O prefeito de Uberlândia anunciou ainda que está para ser lançado um projeto de captação de água nas escolas, pois, na crise, as pessoas entram em desespero e o fazem sem a devida orientação. O resultado foi um surto de dengue, em parte provocado pelo armazenamento errado da água.
“Não se pode resolver um problema criando outro. Os municípios devem estar preparados para o novo modelo. Temos que fazer captação de água, mas de forma orientada e organizada. Senão, teremos problemas na área da saúde”.
Integração pressupõe diálogo
A integração da administração pública somente se sustenta se houver um amplo diálogo. No debate, o prefeito Gilmar Machado cobrou um acesso maior aos organismos federais, sobretudo ao Instituto Nacional de Colonização e Reforma Agrária (Incra). Isso porque, como observou, Uberlândia tem 16 assentamentos de trabalhadores rurais, que precisam de condições mínimas de higiene e saúde.
“Todos acham que tratamento de esgoto se faz somente em área urbana. Noventa e nove por cento do município é atendido. Mas ninguém sabe responder quando o caso envolve a área rural. Ora, quem está lá também é atendido”, reclamou. Gilmar acrescentou que em dois assentamentos estão sendo desenvolvidos dois projetos de fossas sépticas e de tratamento de esgoto.
“E vamos chegar nos outros porque eles também têm direito. E porque vamos melhorar a agricultura. Você chega numa área que tinha um fazendeiro, e agora tem 250, o que você vai fazer? Como fossa negra vem contaminação. E prejuízo na agricultura.

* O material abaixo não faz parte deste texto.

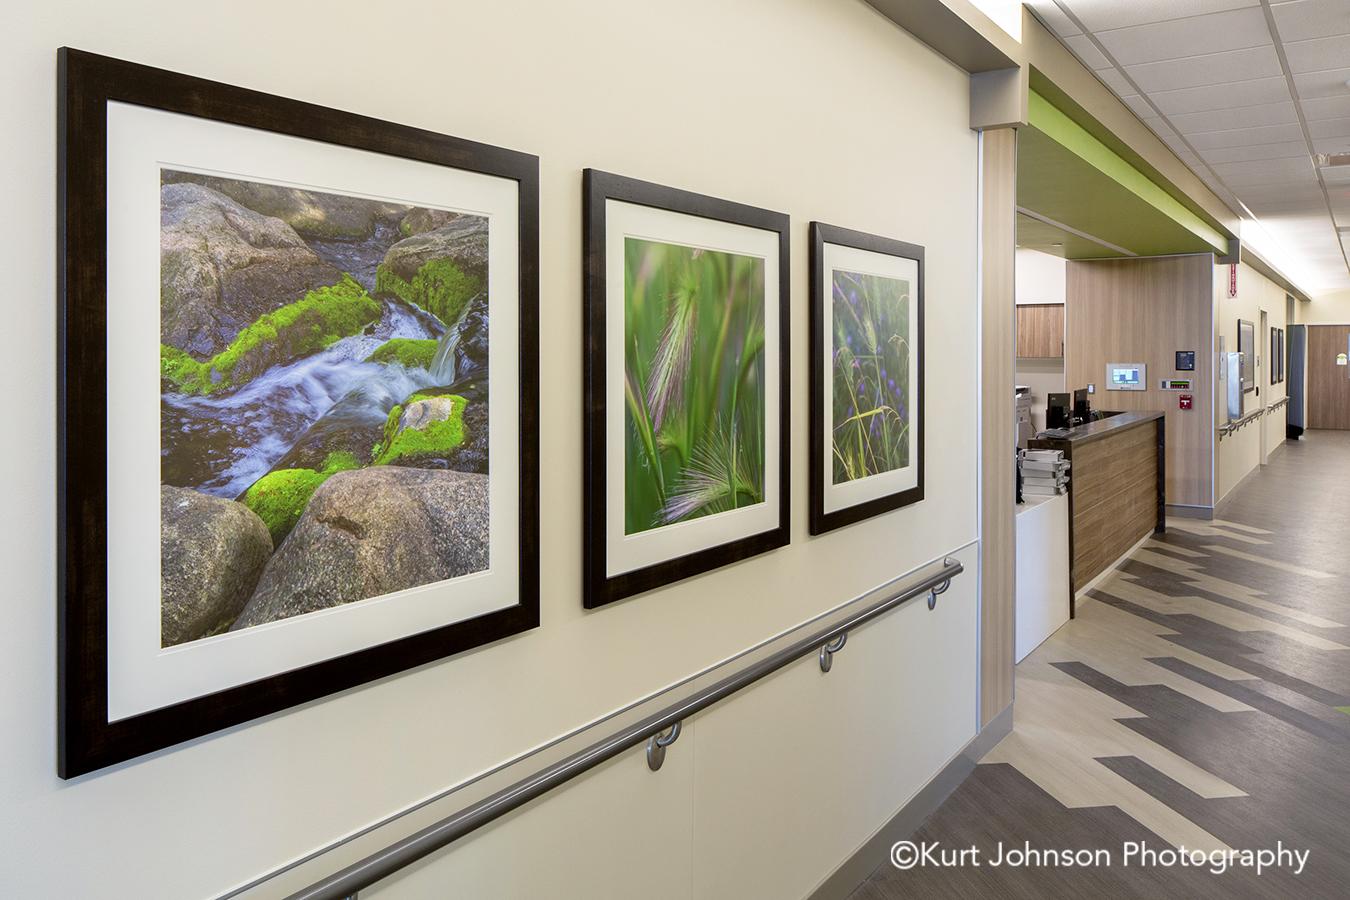 Regional Health Medical Center Advanced Orthopedic and Sports Medicine Institute Rapid City South Dakota framed healthcare art water green grass install installation hallway corridor

Preciso fazer tratamento ali por conta da atividade econômica”.
Balanço do encontro
Na rodada de debates, participaram também representantes do Instituto Ethos, do Greenpeace e do Conselho Federal de Engenharia. Instituições que, na visão de Gilmar, demonstra que o recurso hídrico é a grande discussão dos próximos anos.
“A presença dessas entidades por si só demonstra a necessidade de integração. A Frente Nacional de Prefeitos está fazendo diálogos importantes, com pessoas experientes, que vão nos ajudar a fomentar a grande mobilidade que temos que ter na sociedade”.